Hey, fellow archers & bowhunters! 

Just coming in to introduce myself and look around the site. :smile: 

I was born & raised on Maui, Hawaii. Been involved in archery since 1990, took some time off to heal up a shoulder injury, and now am back in with gusto! 

Looking forward to meeting you all online and hopefully face-to-face! :teeth:


----------



## mavmike72 (Dec 17, 2009)

Welcome


----------



## 96720 (May 31, 2007)

*Welcome*

Welcome, glad to see more guys from Hawaii on AT! Howzit going on Maui?


----------



## Tim Roberts (Jul 13, 2002)

:wav: :yo: *G'day.*







to *Archery Talk* Mark B. Have fun here.


----------



## wicked1Joe (May 19, 2009)

:wav:
Welcome to AT


----------



## Mark B. (Jan 12, 2010)

96720 said:


> Welcome, glad to see more guys from Hawaii on AT! Howzit going on Maui?

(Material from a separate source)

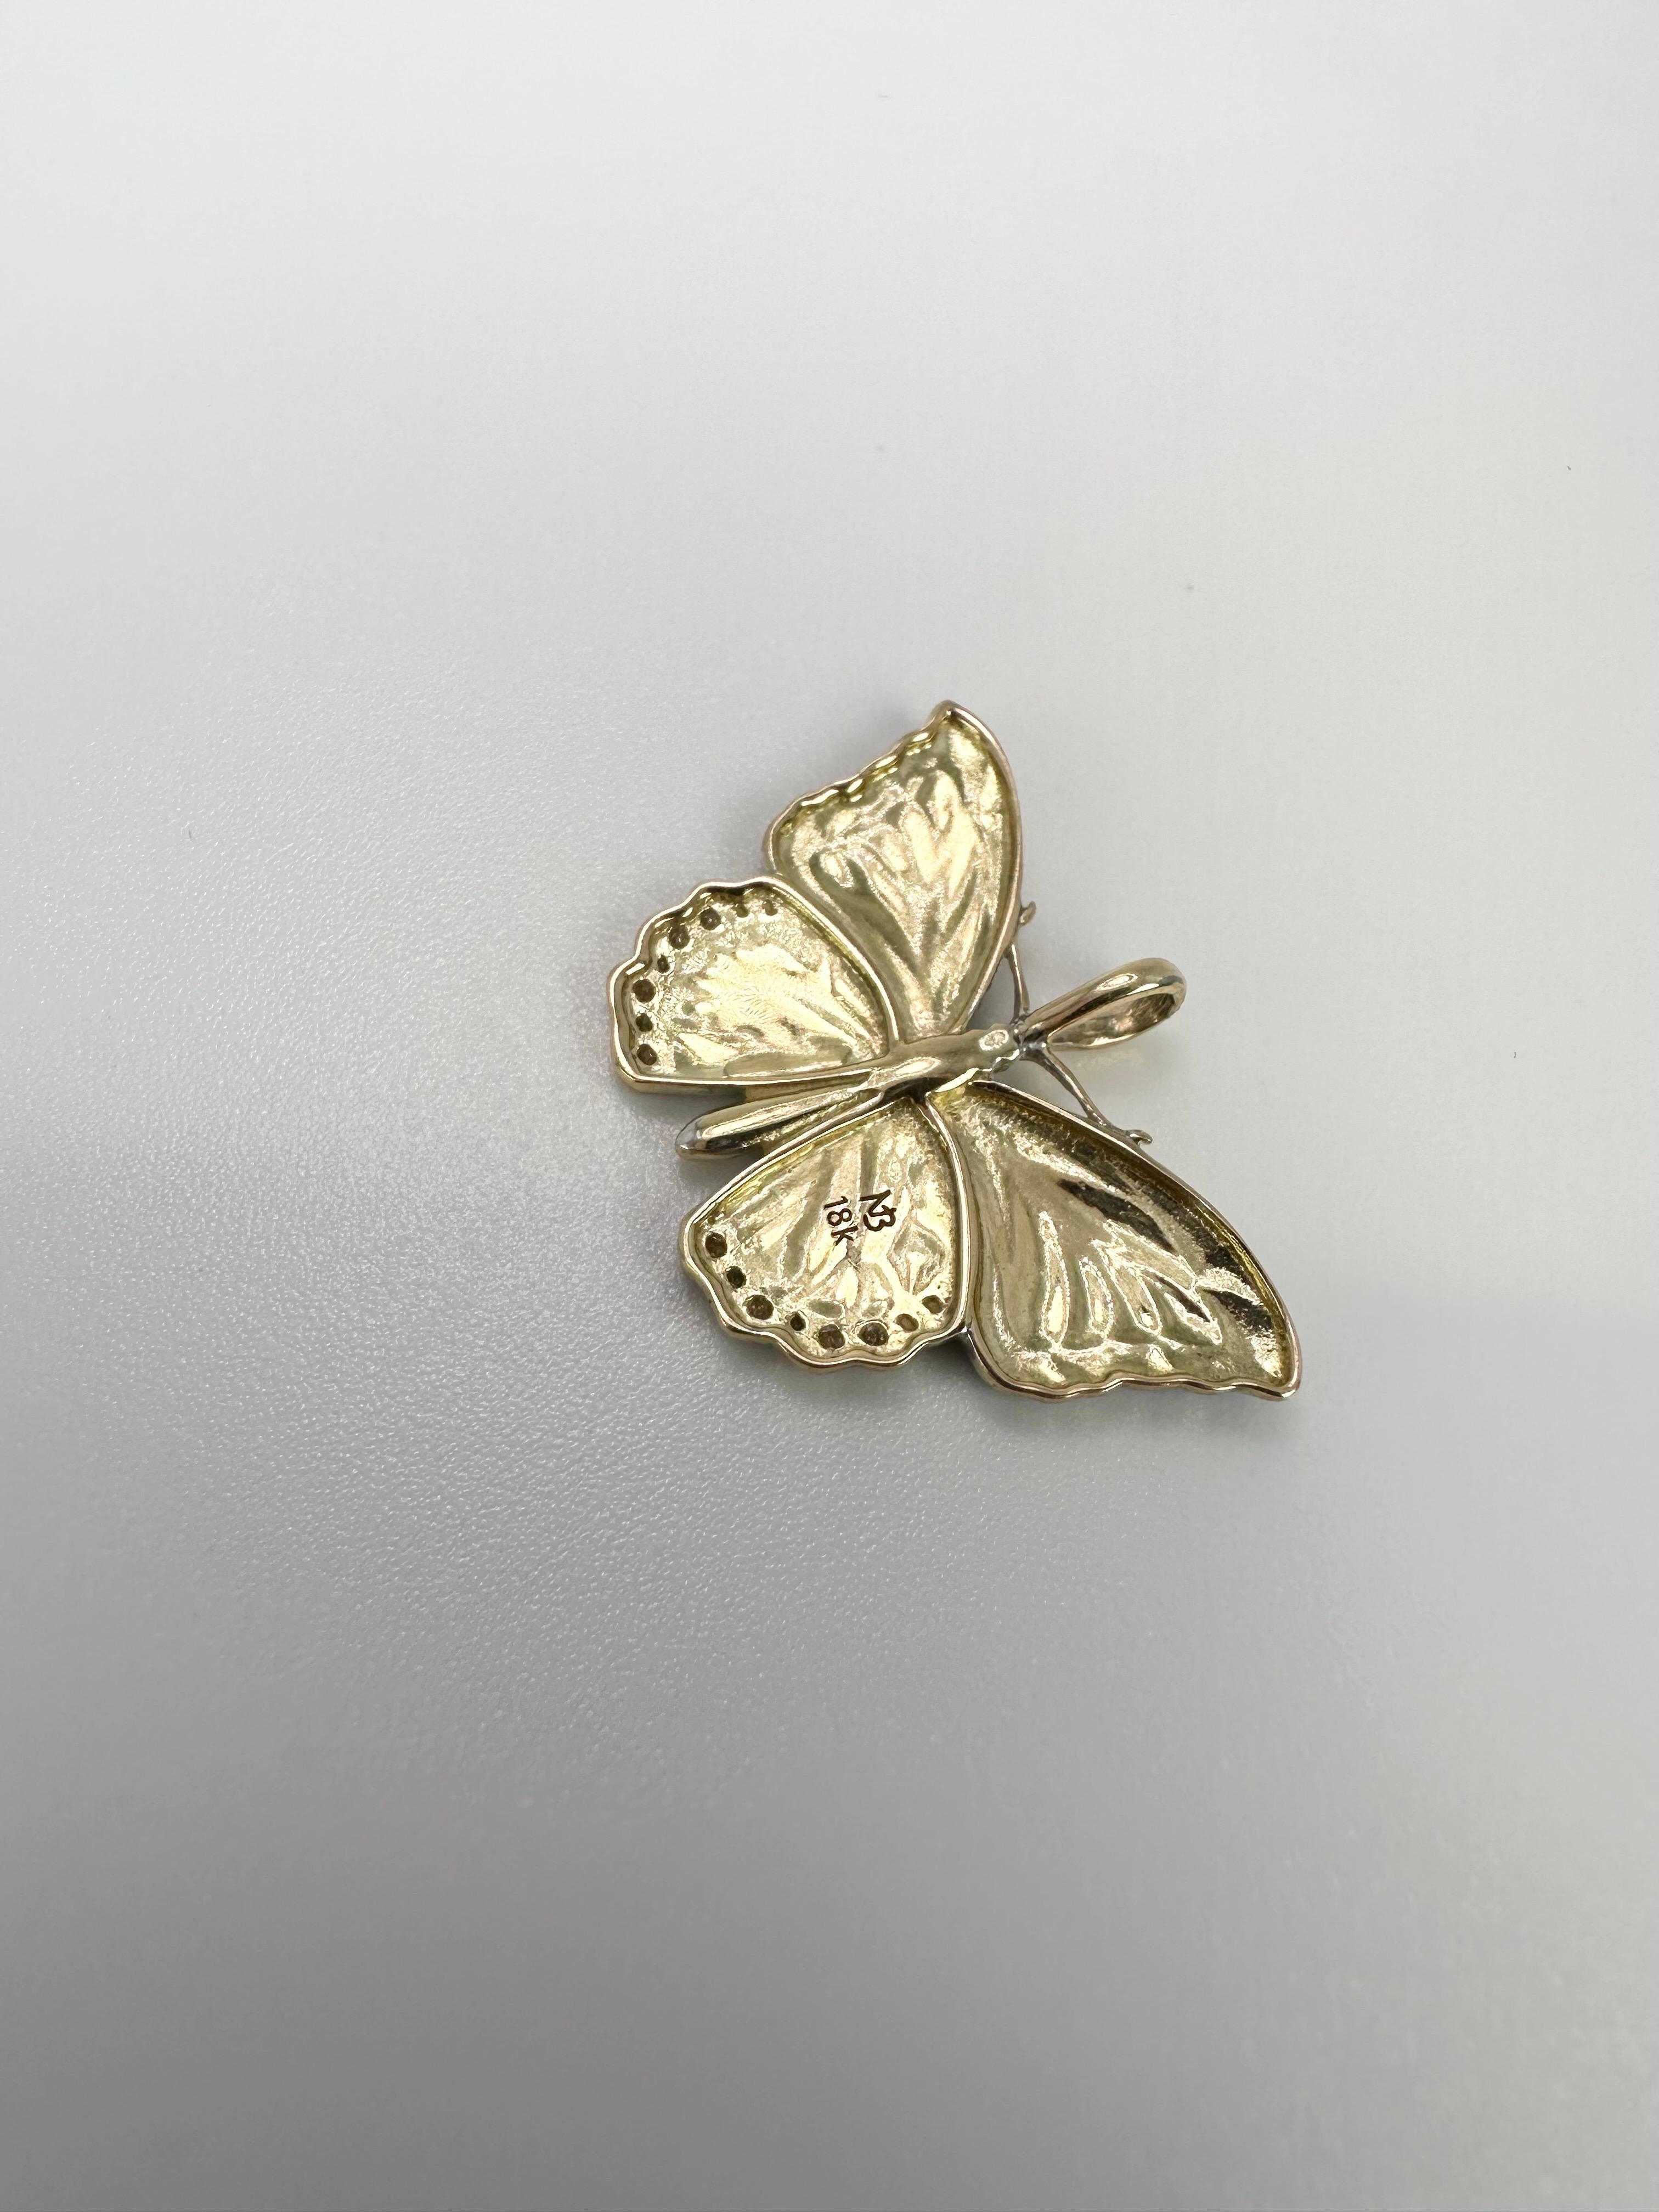 Diamond butterfly pendant necklace 18KT yellow gold In New Condition For Sale In Jupiter, FL
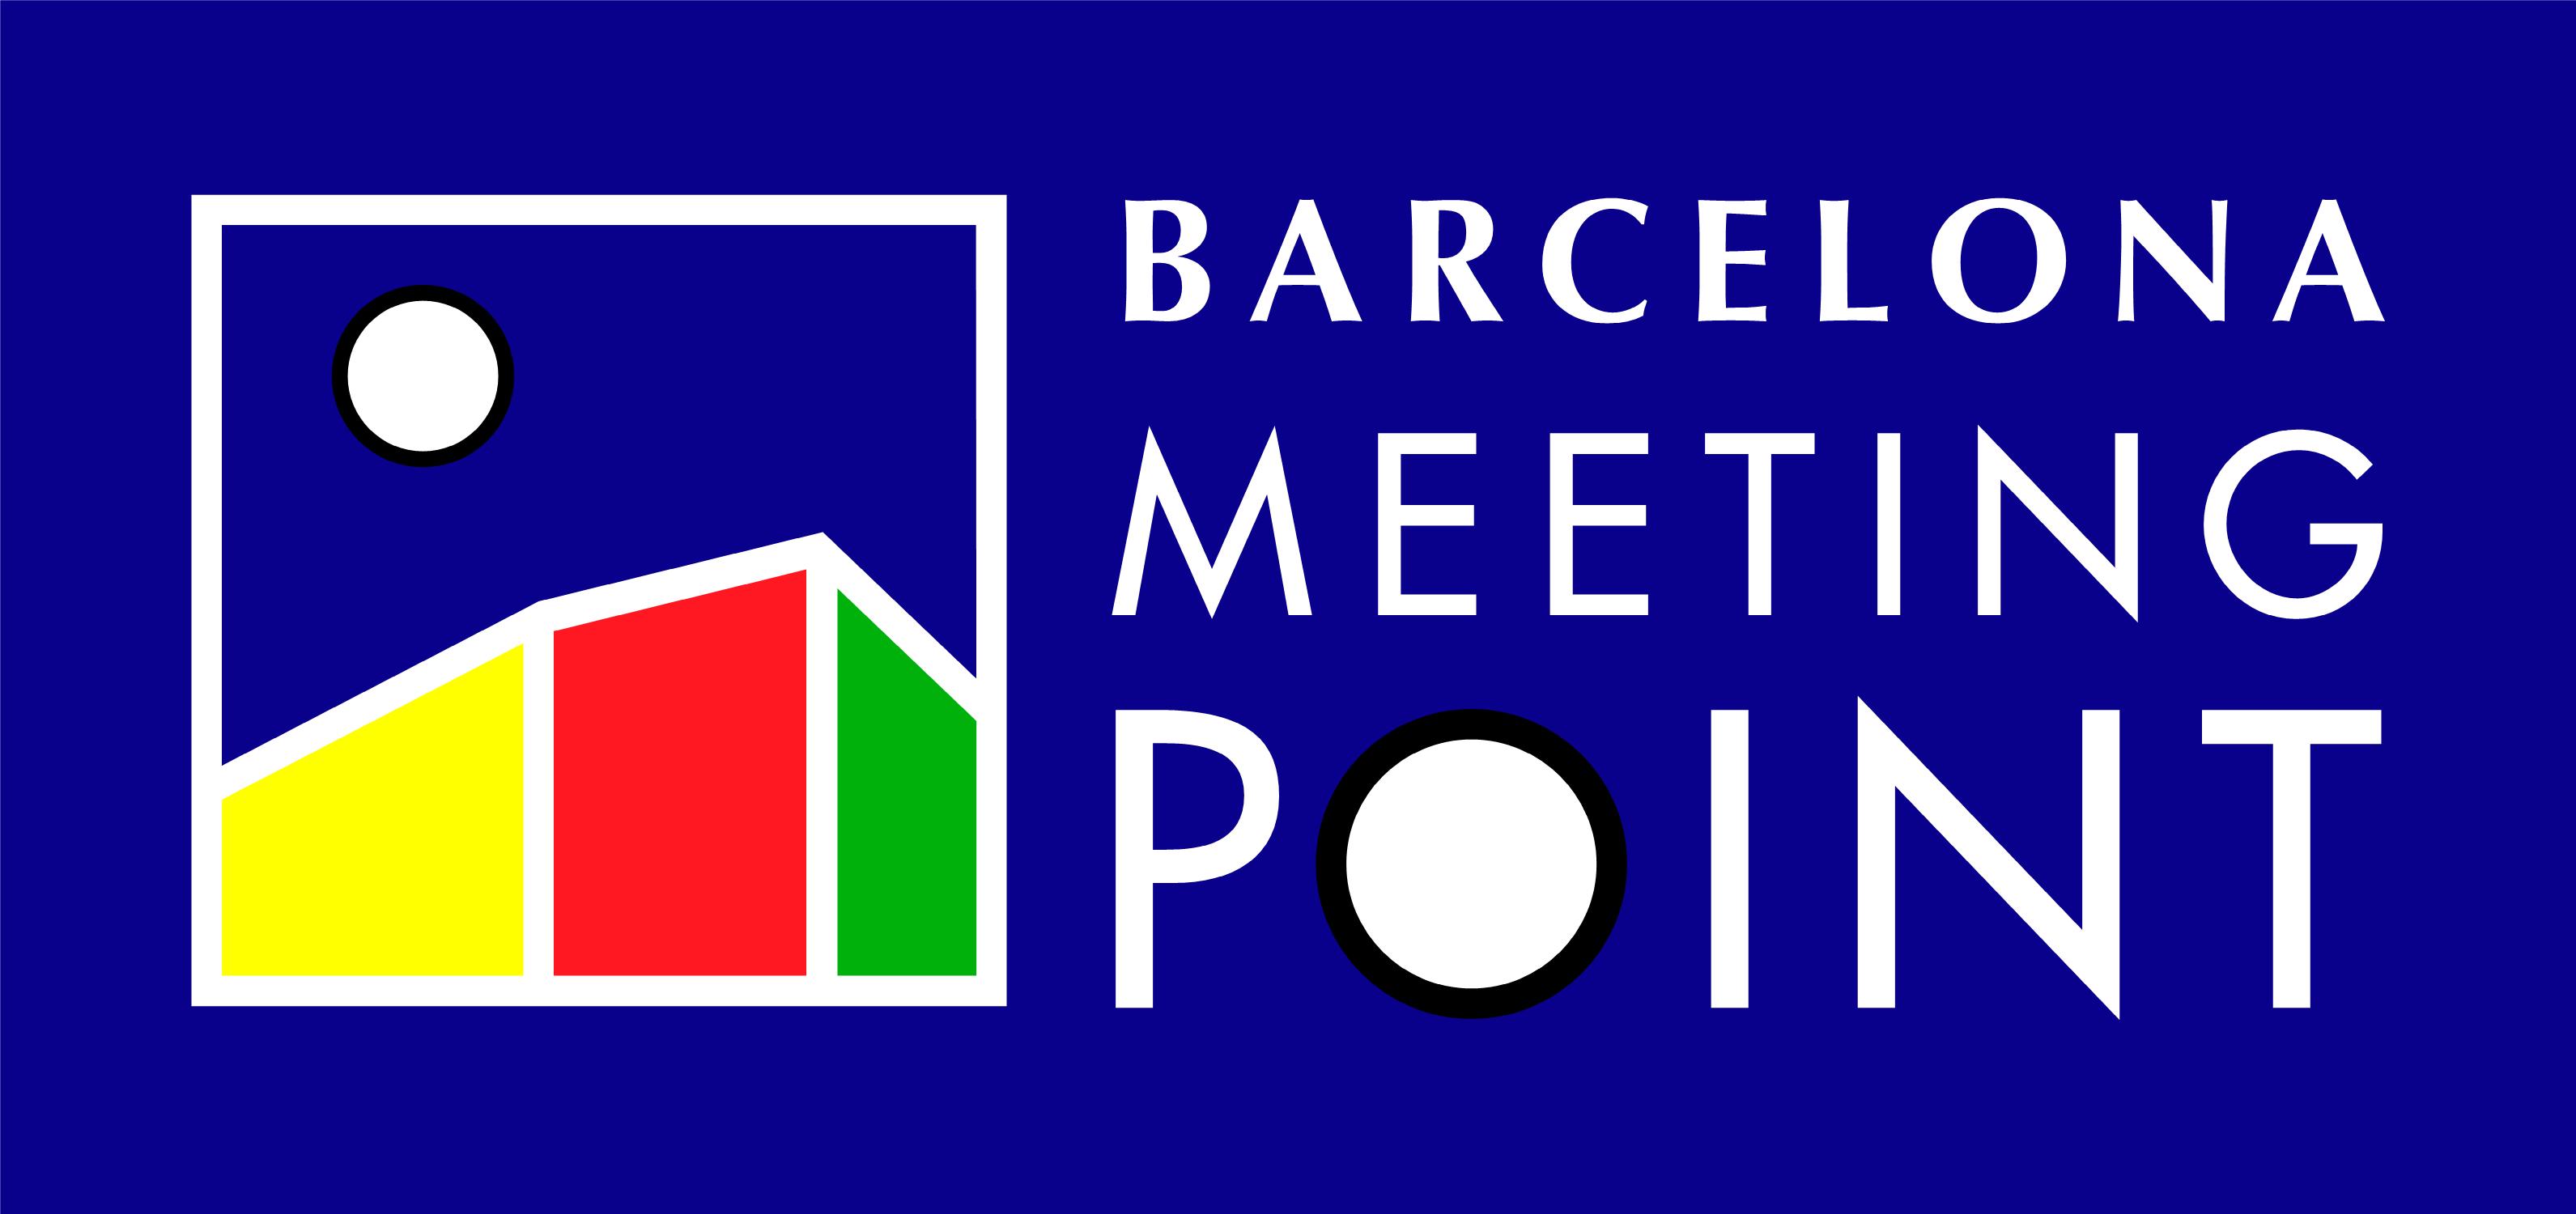 Barcelona Meeting Point 2015

Pretty good! Tons of Axis deer!!!


----------



## Mark B. (Jan 12, 2010)

Hey, thanks for all the welcomes, guys!!! Wow, even from Australia!!! :mg: G'day to ya, too, mate!


----------



## islandhuntah (Sep 21, 2009)

ALOHA! originaly born and raised on oahu, ewa beach now in ohio, welcome to A.T!


----------



## rycountryboy (Feb 21, 2008)

:welcome: to AT


----------